"Map of Jerusalem" the sign on the sidewalk says. I pass by it while I am on the bus on my way home from the university. Suddenly a memory from 3 years ago rises from the ashes of my jumbled brain—the brain that now thinks in 2.5 languages (English, Hebrew, and a squeak of Arabic) and prohibits me from speaking any of them well. It was a Saturday night when my friends and I tried to make our way from the German Colony neighborhood to the center of the city. It was late, it was dark, but we had a native Jerusalemite with us, and we figured that improved our chances of success. We did succeed in arriving (finally), but during our adventure roaming different neighborhoods of the city, I remember coming upon a map such as the one described above and thinking that Jerusalem is a maze of streets, a labyrinth that I will probably never understand. And now, strangely enough, I do. To be honest, the streets—many of which are not labeled well—are probably the easiest part of the city to understand.
The sign I saw today hints at the complexity and yet also at the humor hidden in the stones of this holy city. "Map of Jerusalem" the sign on the sidewalk says. "But where is the map?" I ask. The side I see is blank. "Maybe it's on the opposite side." I turn in my seat in order to check the other side, and the sign answers my question with a smile and a shot glass. Instead of a map, there is an advertisement for Johnnie Walker Black Label Scotch Whiskey. "Well," I think to myself, "At least it's not Manischewitz."
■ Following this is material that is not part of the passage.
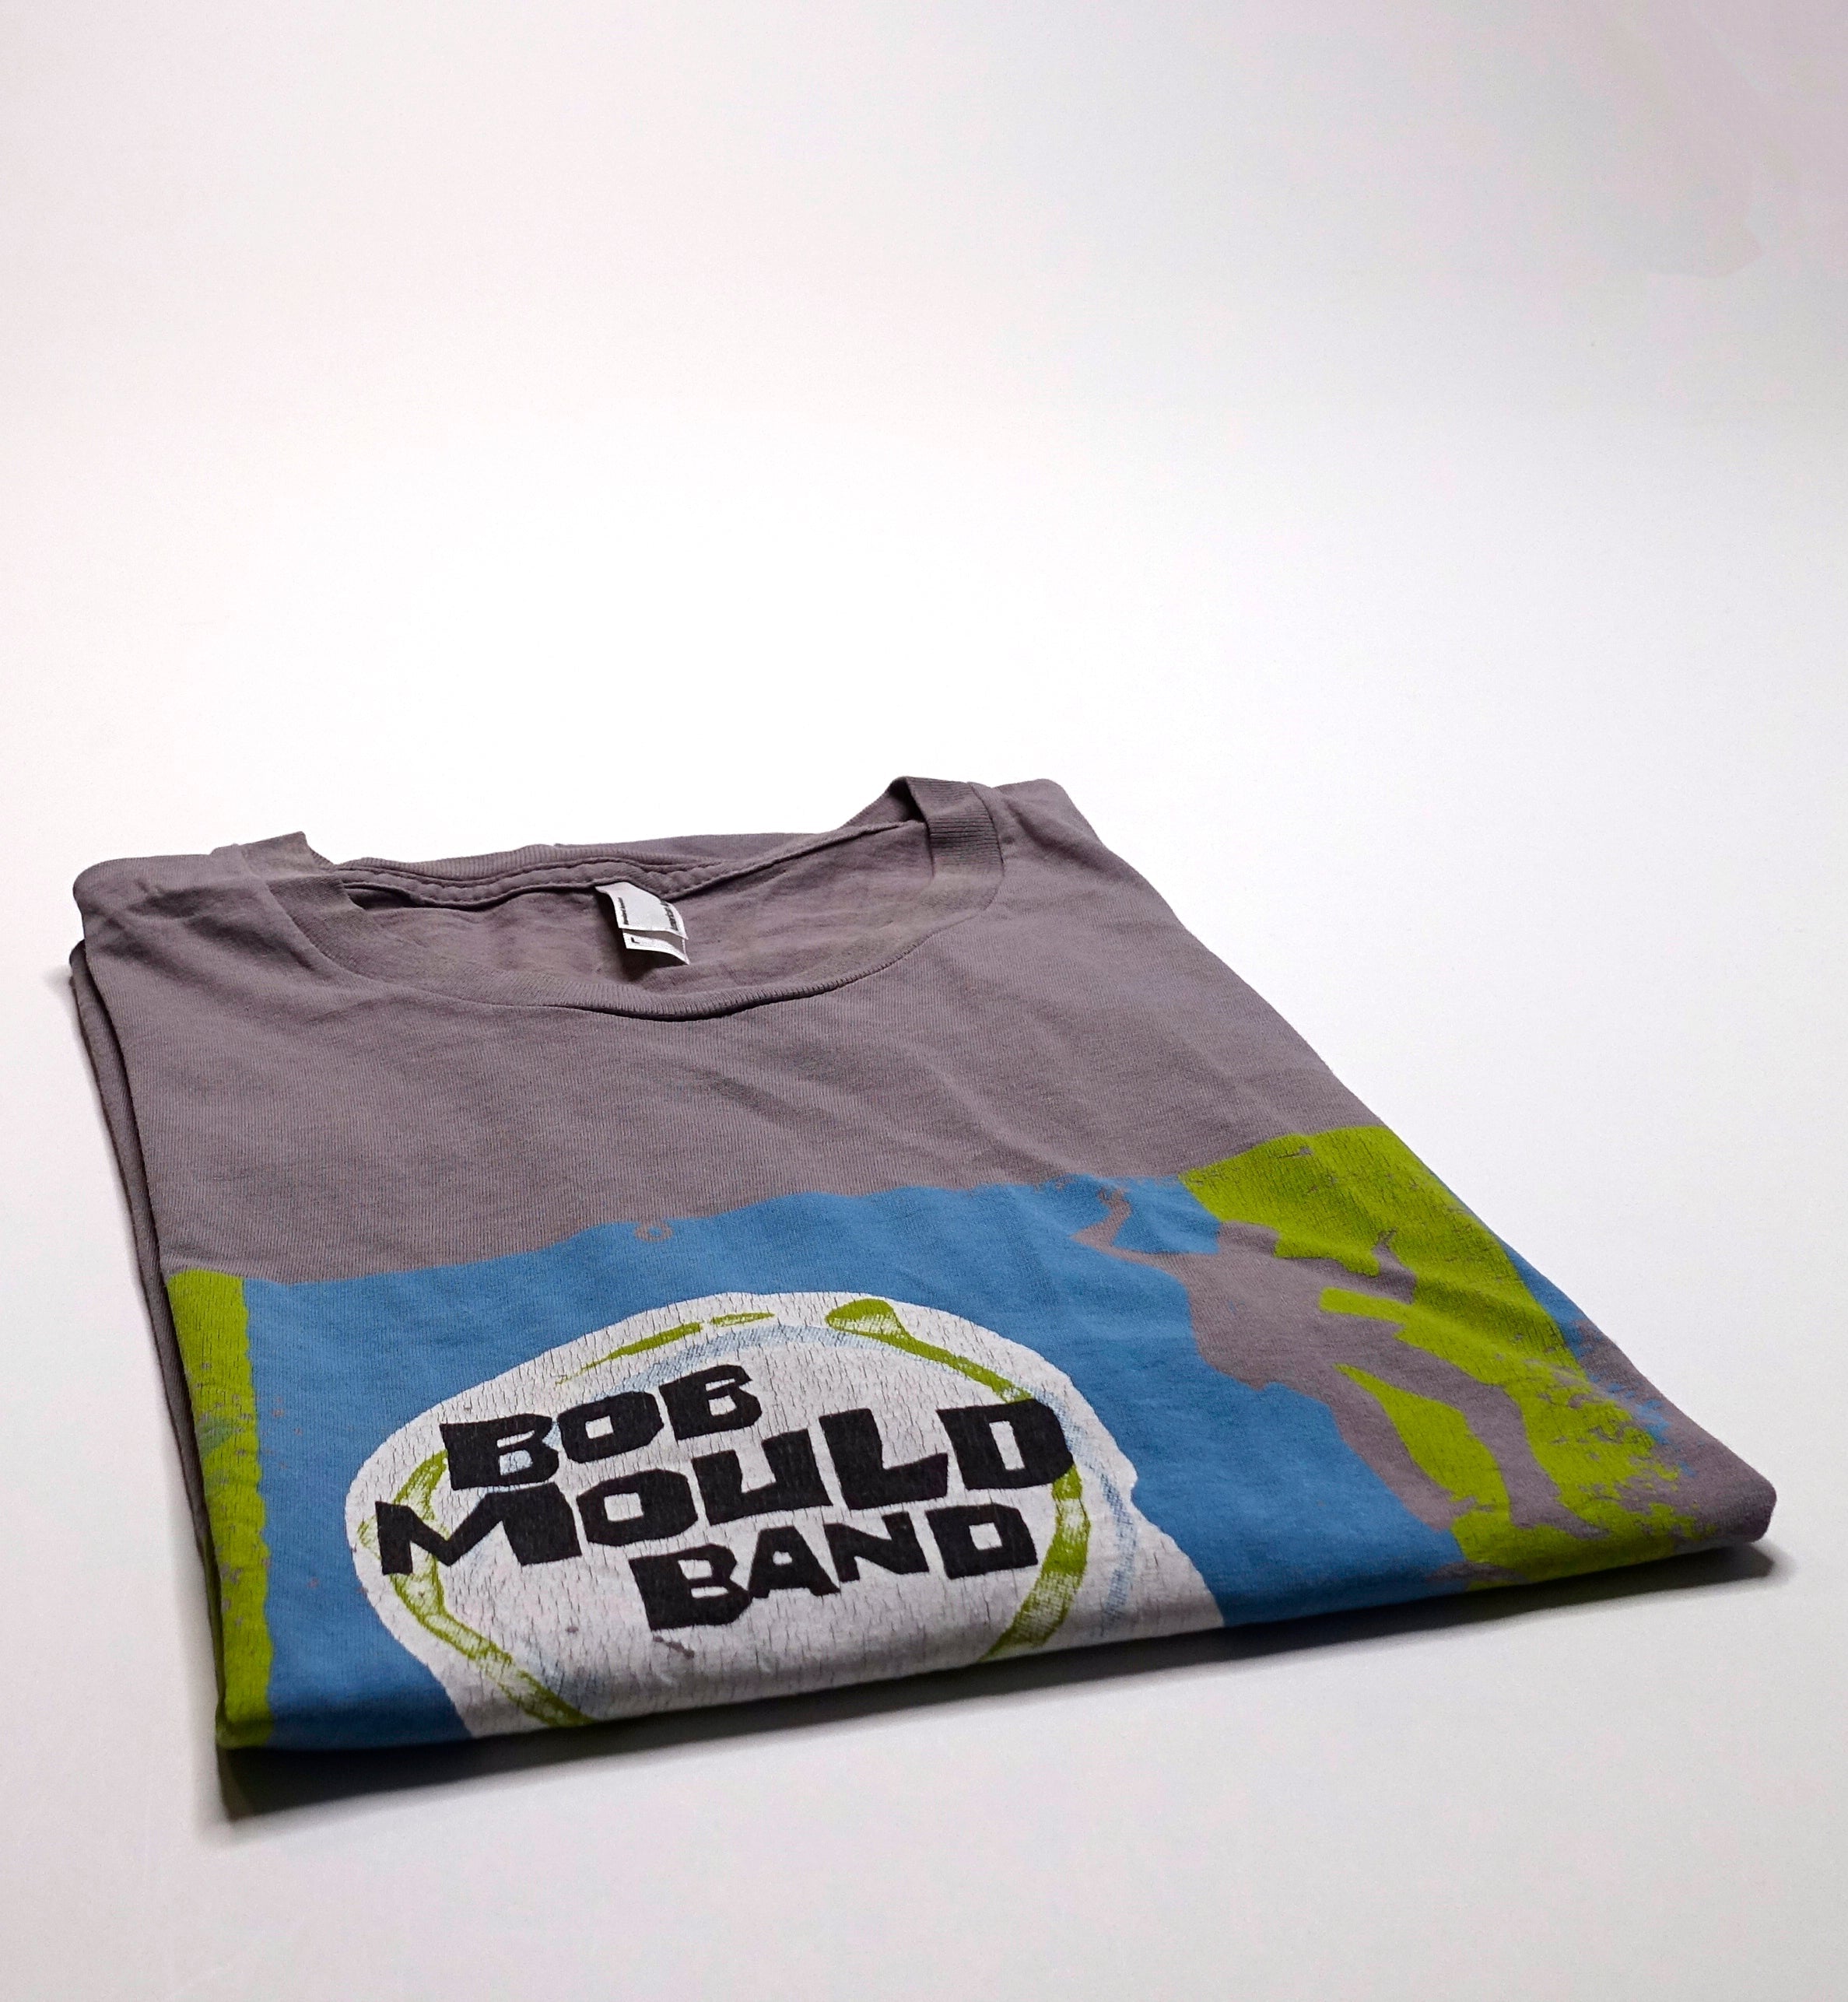 Bob Mould - Life And Times 2009 Tour Shirt Size Large
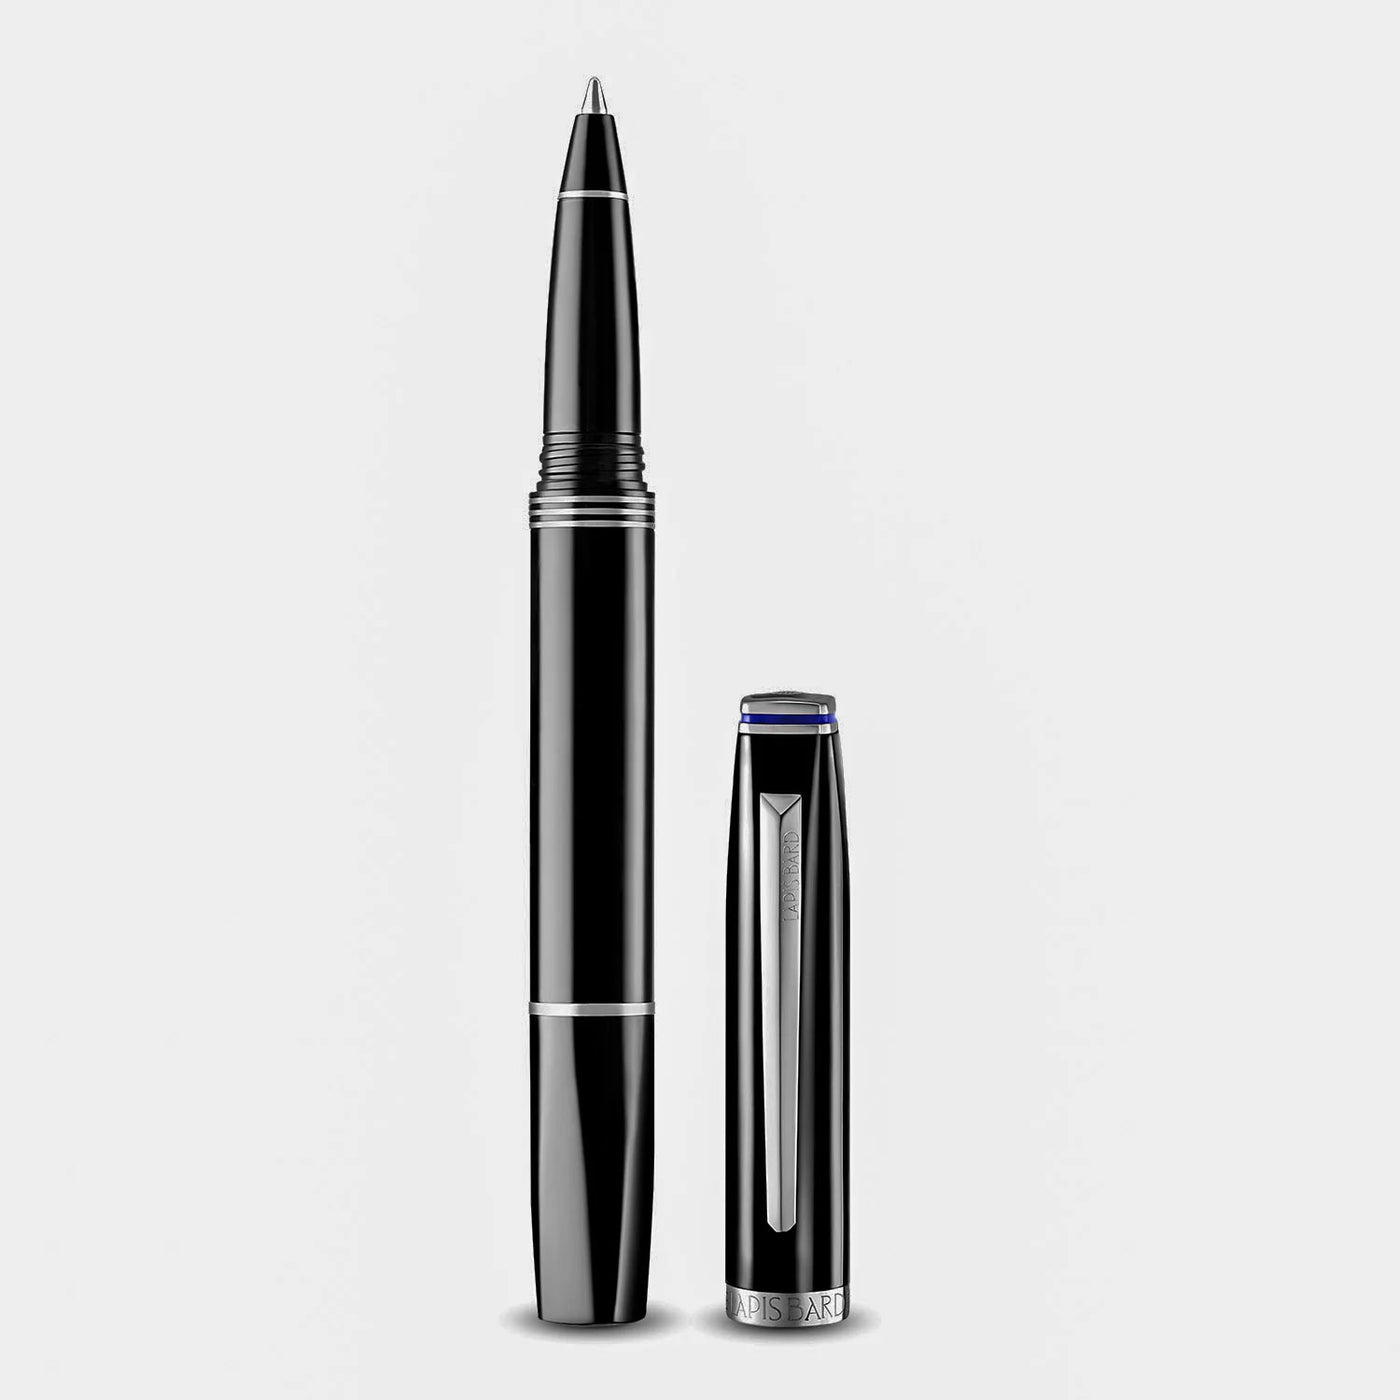 Lapis Bard Contemporary Roller Ball Pen - Black CT 3

So, where are we going . . . really? We have certainly not arrived to the place we want to be—the place perhaps, but definitely not the situation. Not everyone would agree, but I think one needs to know who and where he is before he can determine where he is headed. Is it possible that this is exactly the situation in which we find ourselves now, or for the last (insert your number here) ____ years? I think quickly about all the maps and plans that have been drawn, revised, burned, re-drawn, announced, voted upon, denied, agreed upon, shaken hands about, protested over, laughed about, and cried over concerning this piece of land and the fate of its peoples, and I wonder if it would have just been better to sit down with our neighbors and have a shot of Johnnie Walker. I know someone who thinks so—someone who was in war, who has seen wars, and who has had enough of wars at his tender age of 61. I've had enough at the wise age of 24. Maybe that is what it will take, enough 24-year-olds—not 60-year-olds—saying, "We've had enough." We have a problem saying it over whiskey, but perhaps with war, we know our limits.